Funkerman (born 1975 in Breda, Netherlands) is a Dutch house DJ, record producer and remixer, who runs the record label Flamingo Recordings with Raf Jansen and Fedde Le Grand.

Biography
In 2005, Funkerman topped the Dutch club charts with "Rule the Night" and "The One" and in 2007 he made the Dutch Top 40, the Mega Single Top 100 and the Mega Top 50 thanks to his collaboration with Fedde Le Grand under their "F to the F" alias with "Wheels In Motion". In that same year he made the international charts with the track "Speed Up", that eventually was signed by UK based label Defected Records.
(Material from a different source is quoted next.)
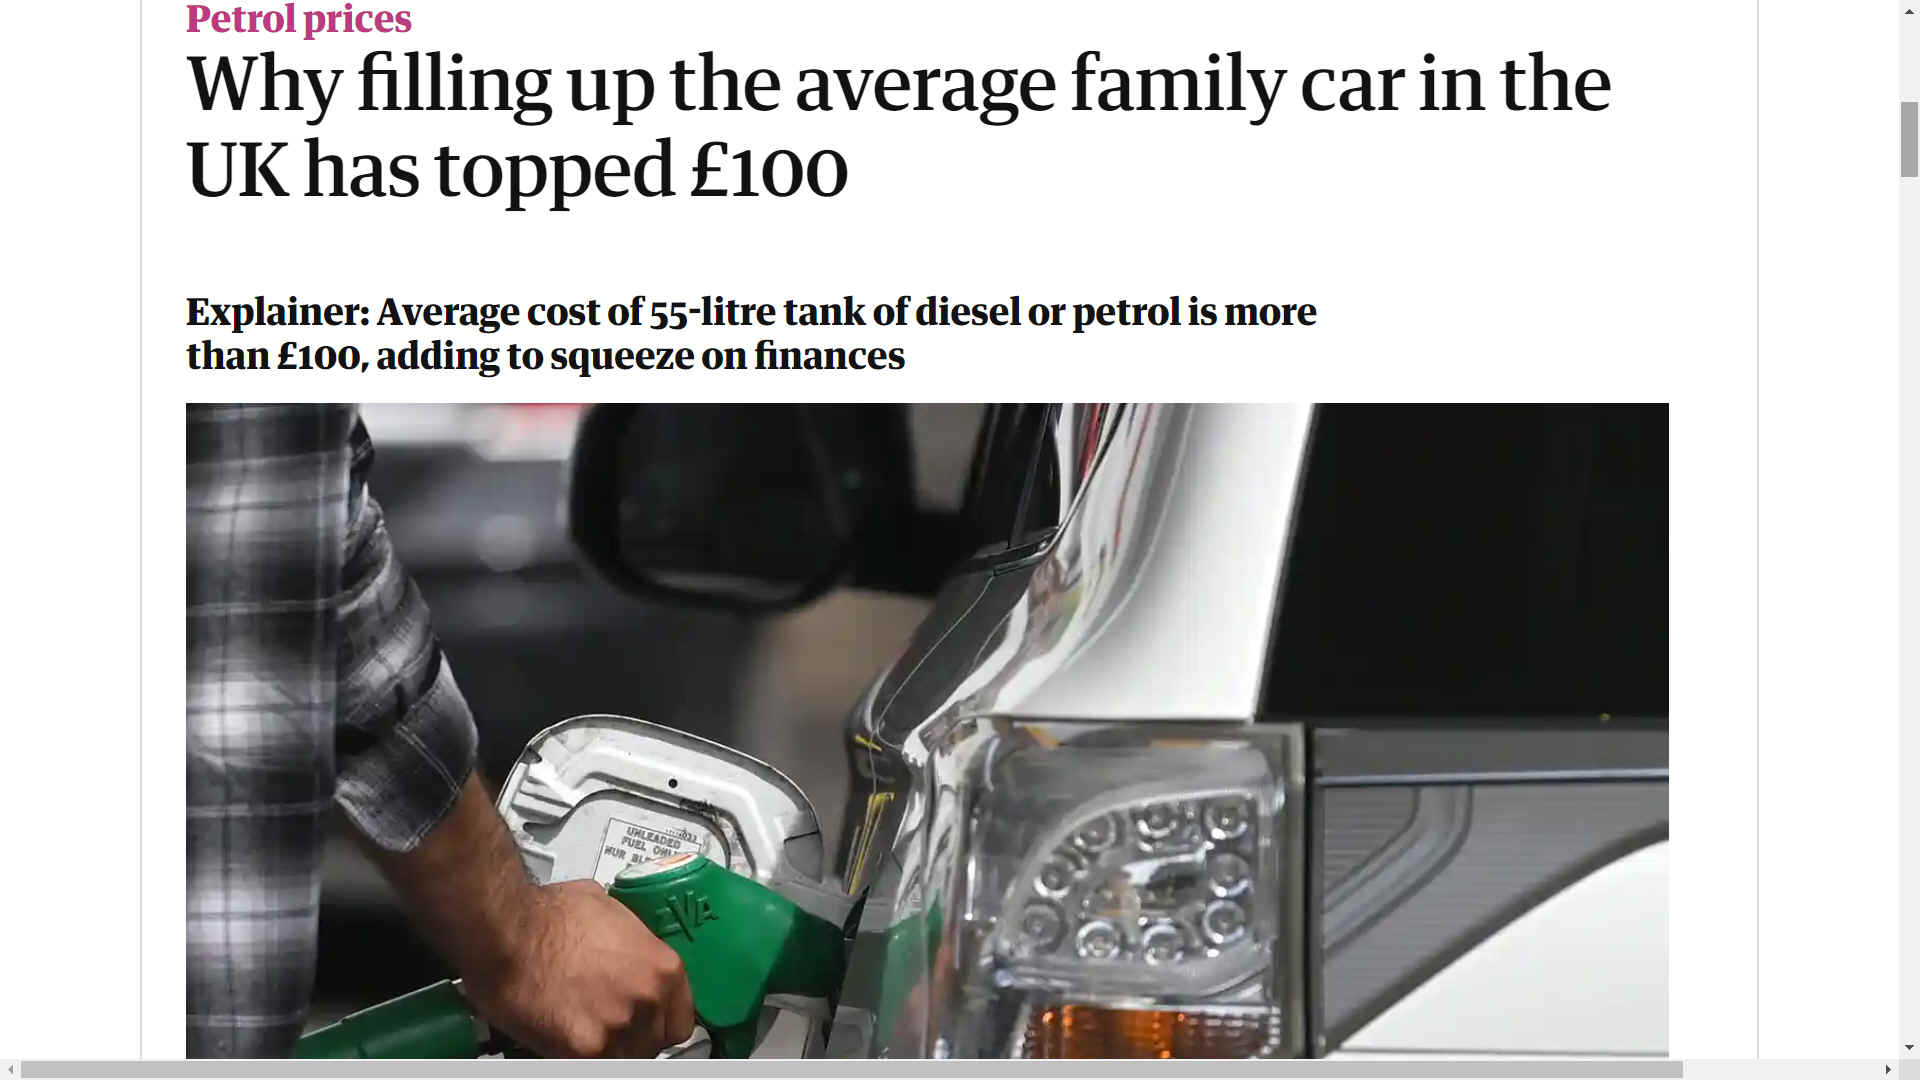 £100 pounds for a tankful of petrol

In 2008, he delivered several remixes and released "3 Minutes To Explain", again a collaboration with Fedde Le Grand.

The song "Speed Up" is available as a downloadable track on the Xbox 360 karaoke game, Lips.

In May 2011, both Funkerman and Raf Jansen signed an exclusive publishing deal with Sony ATV, and started a new record label called Can You Feel It Records.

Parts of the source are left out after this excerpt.